Turkish Red Crescent (Türk Kızılay)
The Turkish Red Crescent has more than 240 staff and hundreds of volunteers in the disaster region providing mobile kitchen and catering services to the region, according to a press release. They are also sending over tents, blankets and beds.
The organization is asking people to donate blood as they continue to ship blood from their existing supplies throughout the day. The Red Crescent’s bank details are available on the internet for donations in a tweet, donations can also be made using this link.
International Rescue Committee
The International Rescue Committee (IRC), an organization that responds to the most serious humanitarian crises, works in more than 40 countries. “IRC teams are on the ground and working tirelessly to ensure the safety and well-being of our staff, local partners and those affected,” said Tanya Evans, the Syria Country Director for IRC. It consistently gets high marks for its efforts, globally, to aid in the most precarious disaster and war zones.
Save the Children
Save the Children is working in northwest Syria and Turkey to best assess aid necessary, but are planning to support affected communities with emergency kits amid the harsh winter weather. You can make a contribution to their Children’s Emergency Fund at this link.
Global Giving, a nonprofit that connects other nonprofits to donors, has launched the Turkey and Syria Earthquake Relief Fund, with a goal of raising $5 million dollars to help with the immediate food, shelter and water needs. Once the initial need is completed, funds will support longer-term recovery efforts. Global Giving’s donation link can be found on this page.
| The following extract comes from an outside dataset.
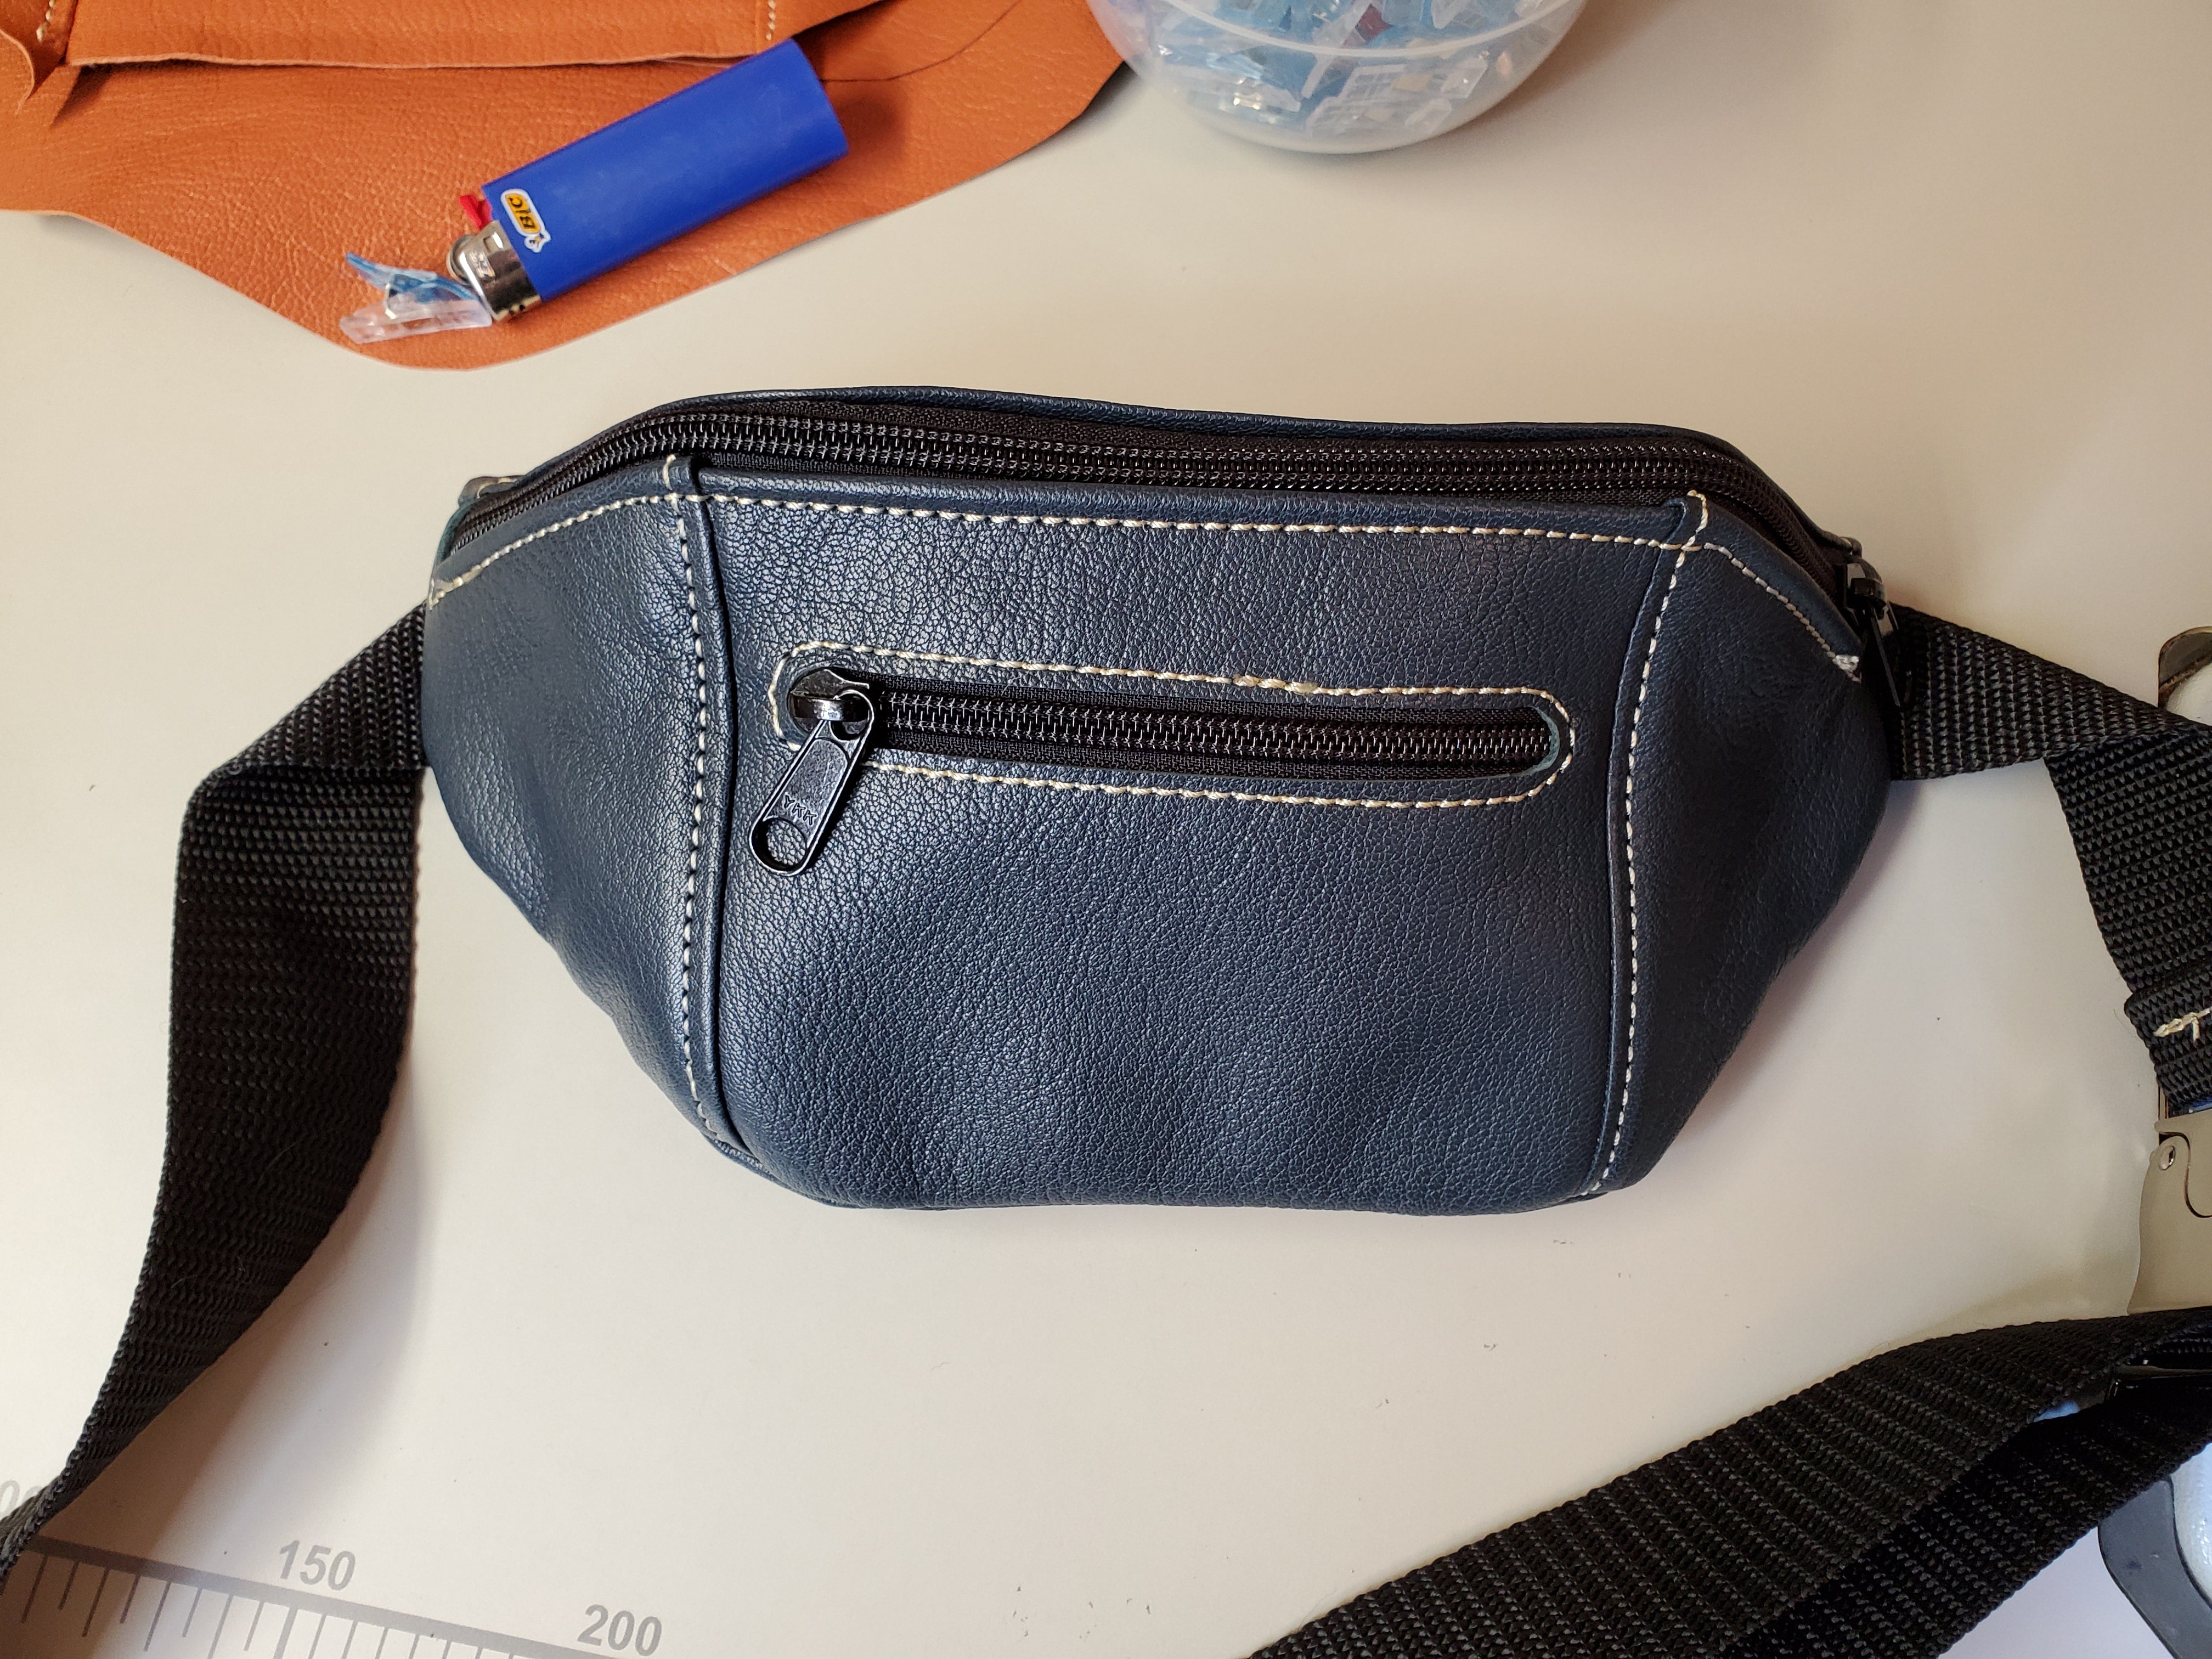 Syge person Datter øjeblikkelig Slim Line Belt Bag (Fanny Pack) Template – Maker's Leather Supply
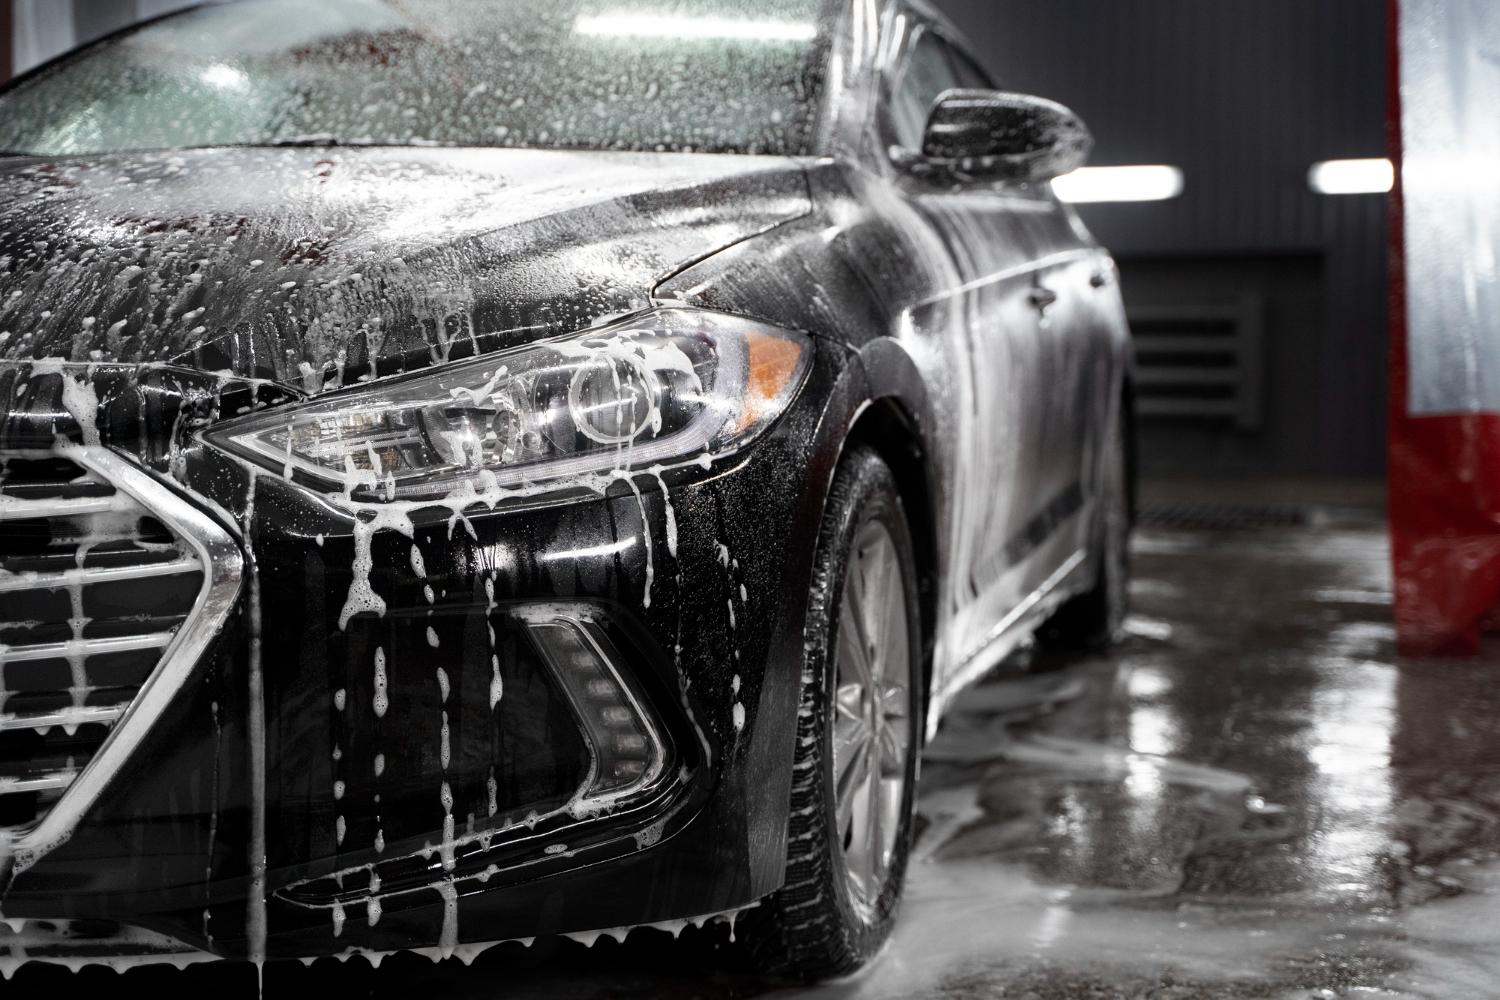 Bienvenido a Monevolve Car Wash, ¡donde cada detalle brilla!

Project HOPE, a global health and humanitarian aid organization, has deployed emergency teams to help on-the-ground. You can support their work with a one-time donation or on a monthly basis using the links provided on this page.
Humanitarian Relief Foundation
The IHH Humanitarian Relief Foundation has been serving communities impacted by catastrophe and war since its founding in 1992. It is collecting donations to send water, food, and shelter materials to people in need. They also have a mobile soup kitchen making rounds in the region. Consider donating here.
Doctors Without Borders
Doctors Without Borders has provided immediate emergency support through additional staffing, blankets and kits in northwestern Syria in the wake of the earthquake. You can help by donating at the link contained on this page.
Direct Relief is a humanitarian medical aid group that specializes in disaster response. They are currently mobilizing medical aid and helping fund search and rescue teams in coordination with local officials. You can support the cause using this link.
CARE, an organization dedicated to helping fight for and end to gender inequality and poverty, is currently in the area delivering essential supplies and trying to help build makeshift shelters where people can seek refuge.